Best way to write dense rank-one update?


For a rank-one update of a dense matrix in Matlab, I would write A=A+u*v'. If I just use the same Matlab statement in Julia, I’ll get poor performance because of needless memory allocation and copying. I know how to write this with loops to get performance, and I also know how to write it without explicit loops using the einsum macro. But is there a performant way to write it using the new generator and dot-operator features?

A .= A .+ u*v'

should be efficient. Note that I did not use a . on the *. This makes sense because the * in this context is not an element-wise operation but an outer product. I’m actually a bit confused as to what exactly .* does here (it returns the same result but is slow).

The einsum package isn’t maintained anymore, but check out TensorOperations.jl. Watch out though, if I remember correctly functions in that package liked to wrap the results, I remember not being totally happy with it for that reason.

Update: Testing out TensorOperations a bit it did not seem to be wrapping the results, however it did not seem to like dotted operators very much, so I have no idea how performant it is.


BLAS.ger! performs a rank-1 update in place

help?> BLAS.ger!
  ger!(alpha, x, y, A)

  Rank-1 update of the matrix A with vectors x and y as alpha*x*y' + A.


Matrix multiplication has a temporary. I don’t believe this will automatically parse to BLAS.ger!, and so @dmbates’s suggestion should be used.


u.*v' should do exactly the right thing here, because broadcasting over the shapes (n,1) and (1,m) results in a (n,m) shape.

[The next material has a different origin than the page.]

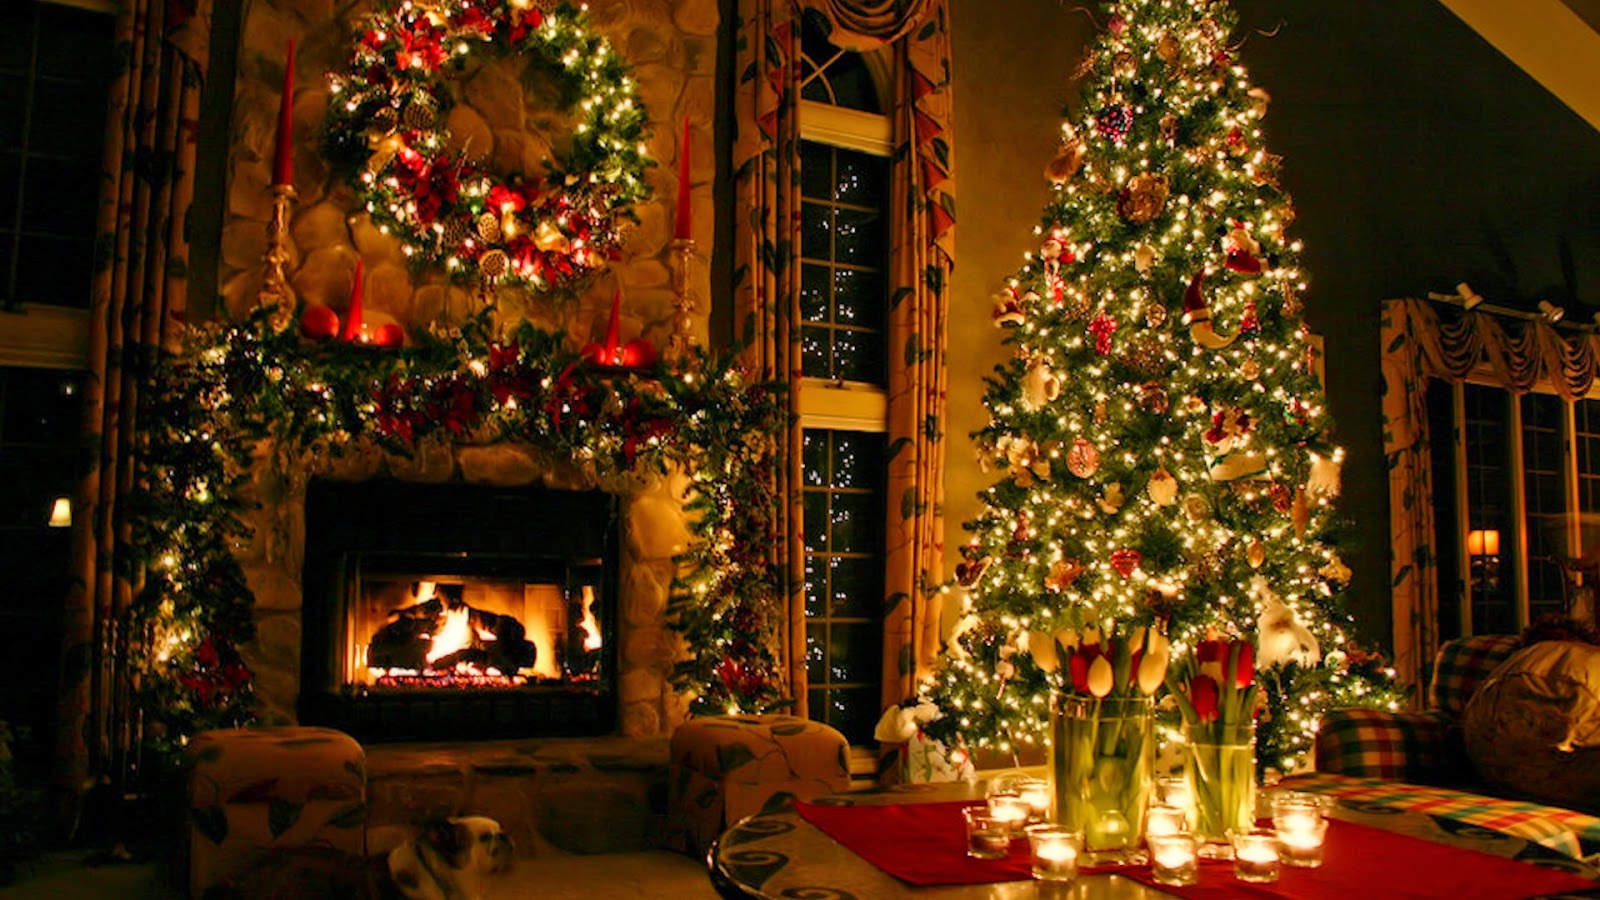 クリスマス壁紙無料ライブ,クリスマス,クリスマスツリー,クリスマスの飾り,クリスマスオーナメント,クリスマス・イブ

Also, on v0.6, I don’t find that it is slow. Comparing the suggestions so far:

using TensorOperations, BenchmarkTools

ru1!(A,u,v) = A .+= u*v'
ru2!(A,u,v) = A .+= u.*v'
ru3!(A,u,v) = @tensor A[i,j] += u[i]*v[j]
ru4!(A,u,v) = BLAS.ger!(1.0, u, v, A);

A=rand(1000,800); u=rand(1000); v=rand(800);
@btime ru1!($A,$u,$v);
@btime ru2!($A,$u,$v);
@btime ru3!($A,$u,$v);
@btime ru4!($A,$u,$v);


2.281 ms (2 allocations: 6.10 MiB)
646.828 μs (1 allocation: 16 bytes)
1.385 ms (31 allocations: 1.41 KiB)
667.131 μs (0 allocations: 0 bytes)

So the fused broadcast version (ru2!) is as fast as the BLAS version, and only causes one tiny allocation (for the transpose view of v, I guess). @tensor has too much overhead for this simple operation, but I found it rather good if you have multidimensional transposes/permutations where it’s not at all easy to get a cache-friendly operation schedule.

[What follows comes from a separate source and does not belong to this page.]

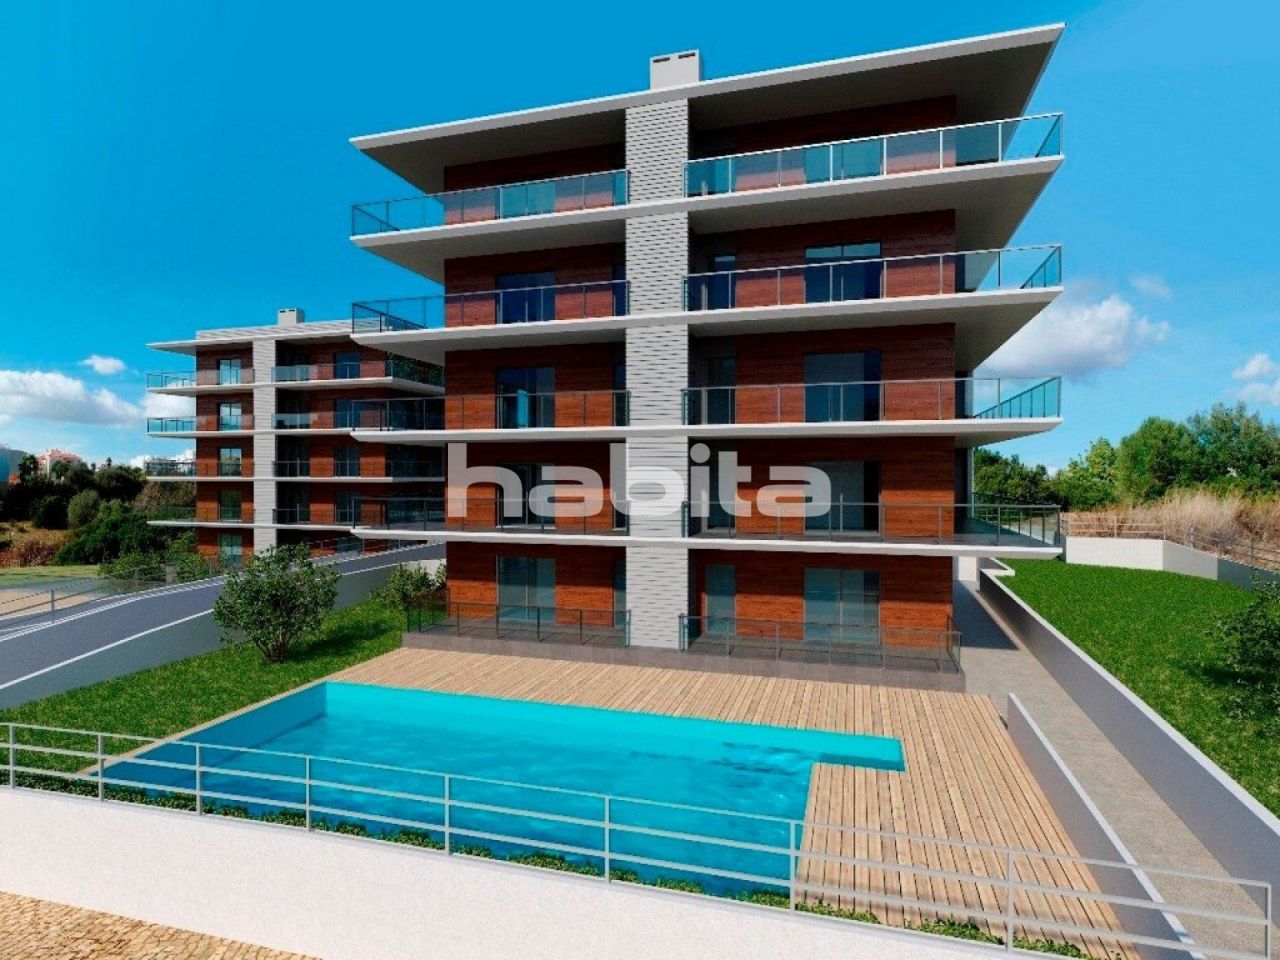 Apartment in Portimao, Portugal, 50.85 sq.m - picture 1

I presume @traktofon ran with BLAS.set_num_threads(1) — otherwise BLAS.ger! is the only multithreaded version as of v0.6, and should be faster.


More precisely, I ran it with the default; unfortunately there is no BLAS.get_num_threads so I’m not sure how many threads that is, though from observing the CPU meter on my machine I guess it’s four, not one. Whether mulithreading is faster or not depends on the machine; this operation is strongly memory-bound, because each location of A gets read and updated just once. Explicitly setting the number of threads, I get

nthreads=1: 639.515 μs (0 allocations: 0 bytes)
nthreads=2: 645.072 μs (0 allocations: 0 bytes)
nthreads=4: 660.982 μs (0 allocations: 0 bytes)

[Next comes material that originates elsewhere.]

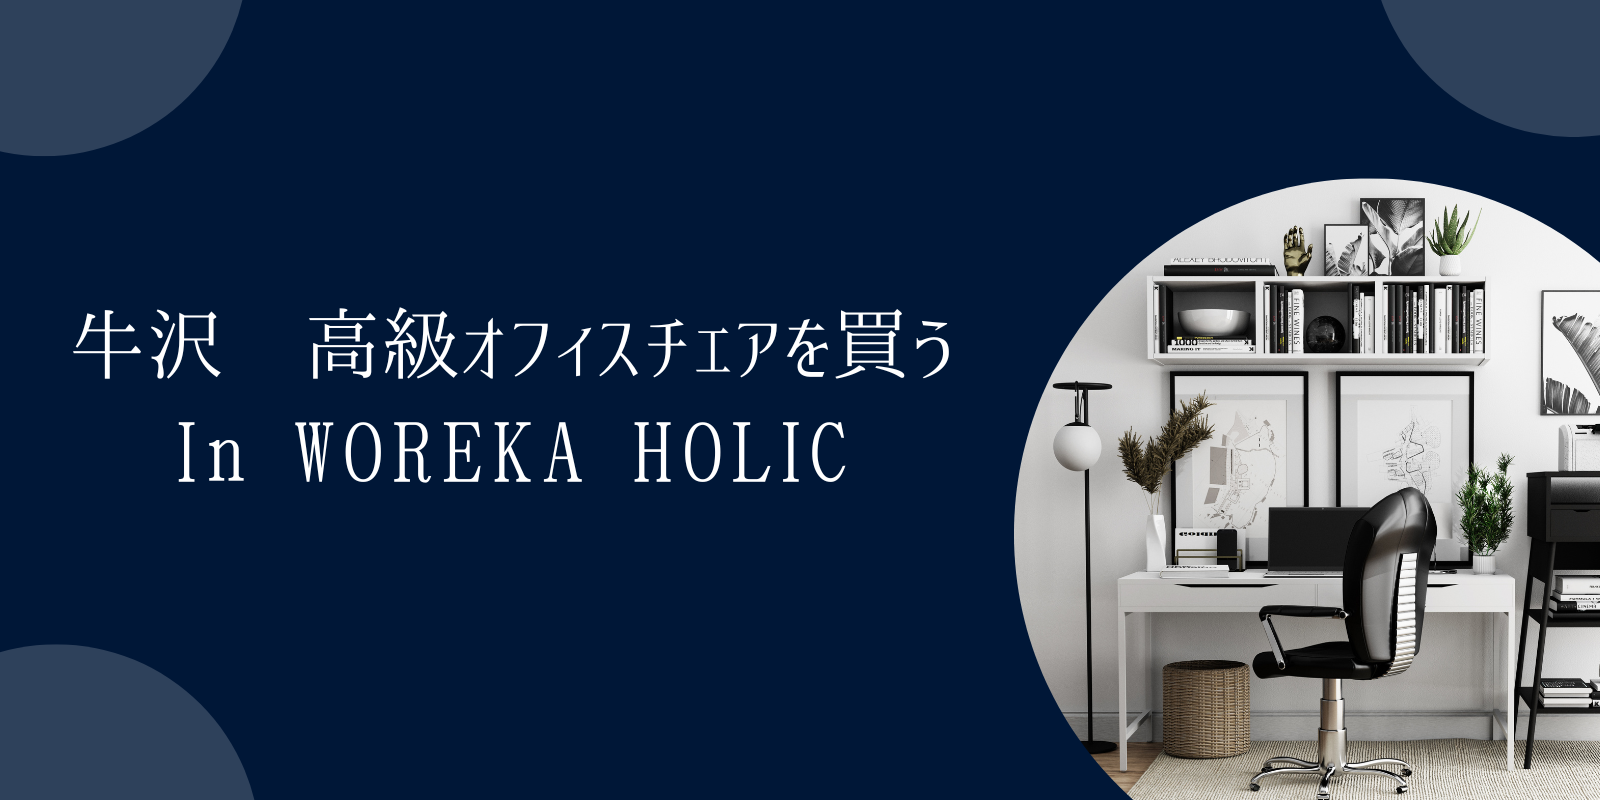 【牛沢】ワークチェア専門店-WORKAHOLIC-ワーカホリック-で高級オフィスチェアを買う

but this is running on my laptop which has only two real cores (plus hyperthreading) and only employs a single DIMM, so the memory access is shared between all threads. On a machine with more memory channels (two channels should be standard on desktop PCs nowadays) the threading probably helps. Modern compute servers with multiple CPU sockets and up to four memory channels will likely see vast improvements.

Edit: now had a chance to test on a desktop with two memory channels and four cores. Results as expected:

ru2!: 245.488 μs (1 allocation: 16 bytes)
ru4! nthreads=1: 220.873 μs (0 allocations: 0 bytes)
ru4! nthreads=2: 111.577 μs (0 allocations: 0 bytes)
ru4! nthreads=4: 110.171 μs (0 allocations: 0 bytes)


You have 4 threads on your PC, probably.

Core(s) per socket:    2
Thread(s) per core:    2
=> CPU(s):             4

On ubuntu command lscpu

To get the number of threads, use
ccall((:openblas_get_num_threads64_, Base.libblas_name), Cint, ())
The default value is the number of CPUs.
Julia has built-in function Sys.cpu_info().